Rather than rely on a polarizer filter to compensate for midday brightness, I would recommend instead using the Exposure Compensation dial on your camera. In bright shooting conditions, wind in a minus 0.3, 0.6 or a full -1 stop of exposure compensation. This takes the glare out of shots and has the added benefit of saturating colours, the lower you go. I live in Andalucia, Spain, and have to use this method to tame the harsh sunlight here. After a while, you learn to recognise bright conditions, and surroundings (white walls, bright clothing etc) and how much compensation is required, checking the camera's rear lcd for highlights. This means you can leave your polarizer solely for reflection clarity shots. I therefore normally only have a UV or lens protector filter fitted to my lenses. Hope this helps!


----------



## Sharon R. Nahill (Nov 7, 2016)

Howard Dickson said:


> Sharon,
> 
> Rather than rely on a polarizer filter to compensate for midday brightness, I would recommend instead using the Exposure Compensation dial on your camera. In bright shooting conditions, wind in a minus 0.3, 0.6 or a full -1 stop of exposure compensation. This takes the glare out of shots and has the added benefit of saturating colours, the lower you go. I live in Andalucia, Spain, and have to use this method to tame the harsh sunlight here. After a while, you learn to recognise bright conditions, and surroundings (white walls, bright clothing etc) and how much compensation is required, checking the camera's rear lcd for highlights. This means you can leave your polarizer solely for reflection clarity shots. I therefore normally only have a UV or lens protector filter fitted to my lenses. Hope this helps!

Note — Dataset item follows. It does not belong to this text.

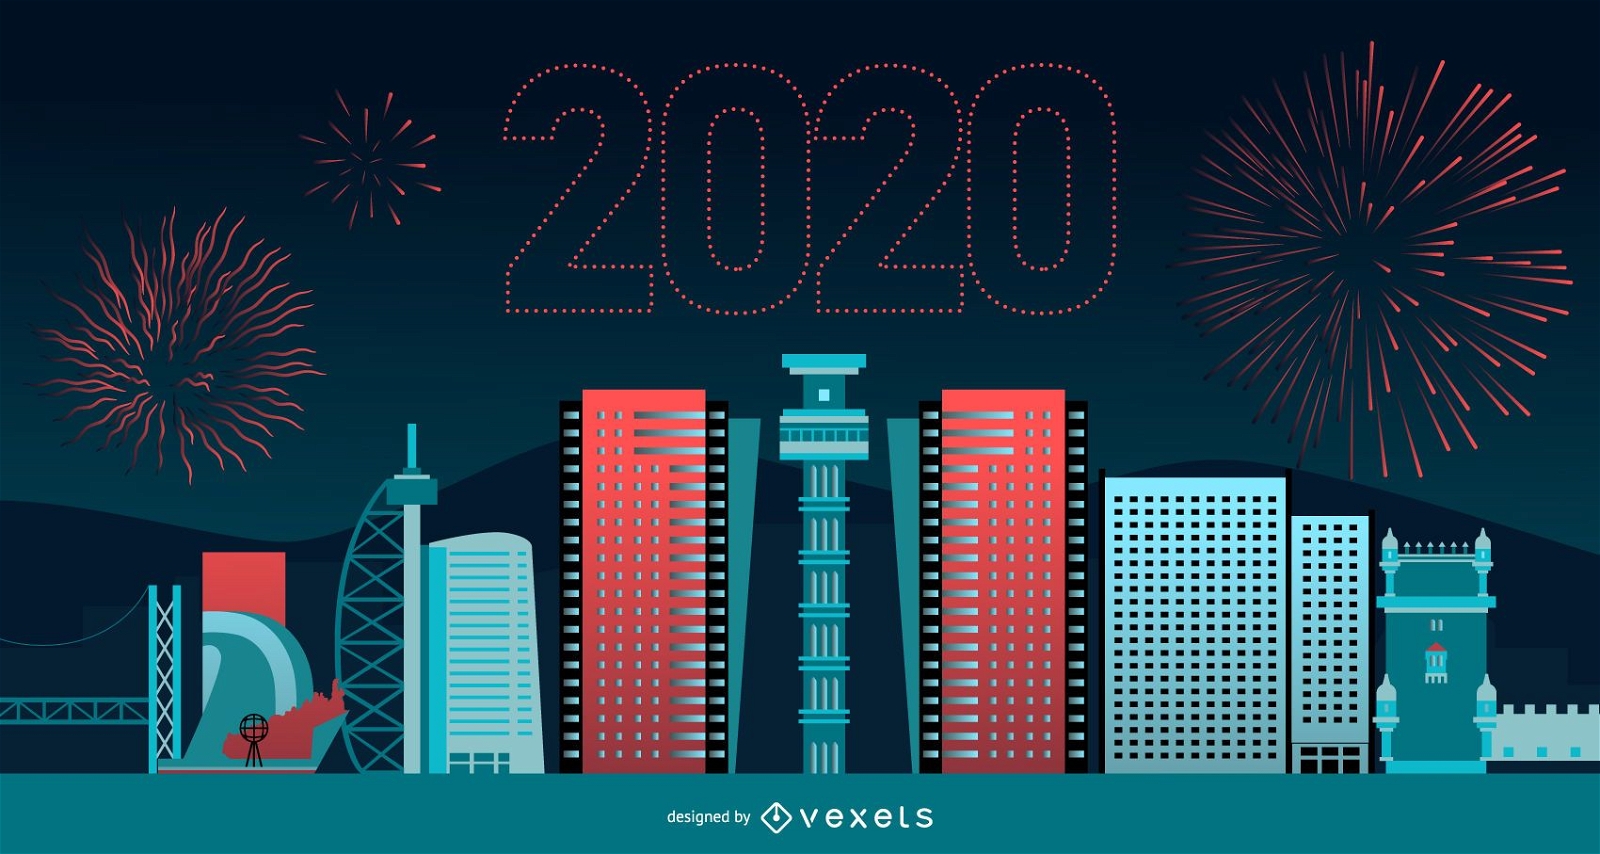 Feliz 2020 dise?o de banner de horizonte de Lisboa

Thanks so much for your help. Lowering the exposure really helps me when I am silly enough to be taking pictures outside at midday! Fall foliage color is also much better when the picture is slightly underexposed, no matter what time of day you shoot. Have you noticed that?
Thanks again!


----------



## Gnits (Nov 7, 2016)

All good advise.  However, many people do not fully appreciate the value of using a circular polarizer when shooting foliage, as many leaves have a shiney surface, which reflects light and causes loss of contrast, colour and lots of specular highlights.  

Wide angle, plus lots of blue sky plus circular polarizer is a scenario to avoid (if possible).


----------



## tspear (Nov 7, 2016)

Gnits said:


> All good advise.  However, many people do not fully appreciate the value of using a circular polarizer when shooting foliage, as many leaves have a shiney surface, which reflects light and causes loss of contrast, colour and lots of specular highlights.
> 
> Wide angle, plus lots of blue sky plus circular polarizer is a scenario to avoid (if possible).



Gnits,

I am not following. When are you saying to use and not use a circular polarizer?


----------



## Gnits (Nov 7, 2016)

I have extreme sympathy with the original poster ... who has to deal with this scenario...



Sharon R. Nahill said:


> I photograph most often from my kayak and glare on the water and greenery is really an issue.



Using a wide angle with a circular polarizer with a large blue skyscape in the composition will result in a very noticeable shift of colours across the sky, but yet the OP  needs the polarizer to minimise glare on the water and reflections from the leaves. Trying to recover this in post processing is a recipe for frustration.

So ... if you can ....
1. Avoid using a polarizer with a wide angle and lots of blue sky.
2. Seriously consider a polarizer if you are shooting foliage

Sometimes there is no perfect solution where scenario 1 & 2 combine.  All you can do is be aware of the constraints and compose your image to minimise unwanted optical effects.  Your options in a kayak are seriously limited. On the other hand, on the bank with a tripod use a longer focal length and take several vertical shots to stitch later. Much easier than trying to remove a variable colour shift.


----------



## Jimmsp (Nov 7, 2016)

If indeed you shoot a lot at mid-day, you might also try shooting 3 quick shots for HDR. LR does an excellent job on alignment of handheld shots, esp if you are not moving forward a lot in your kayak. The -2 ev shot shot might help produce a better sky to work with.


----------



## tspear (Nov 7, 2016)

Gnits said:


> I have extreme sympathy with the original poster ... who has to deal with this scenario...
> 
> 
> 
> ...



ok, now I follow, thank you.


----------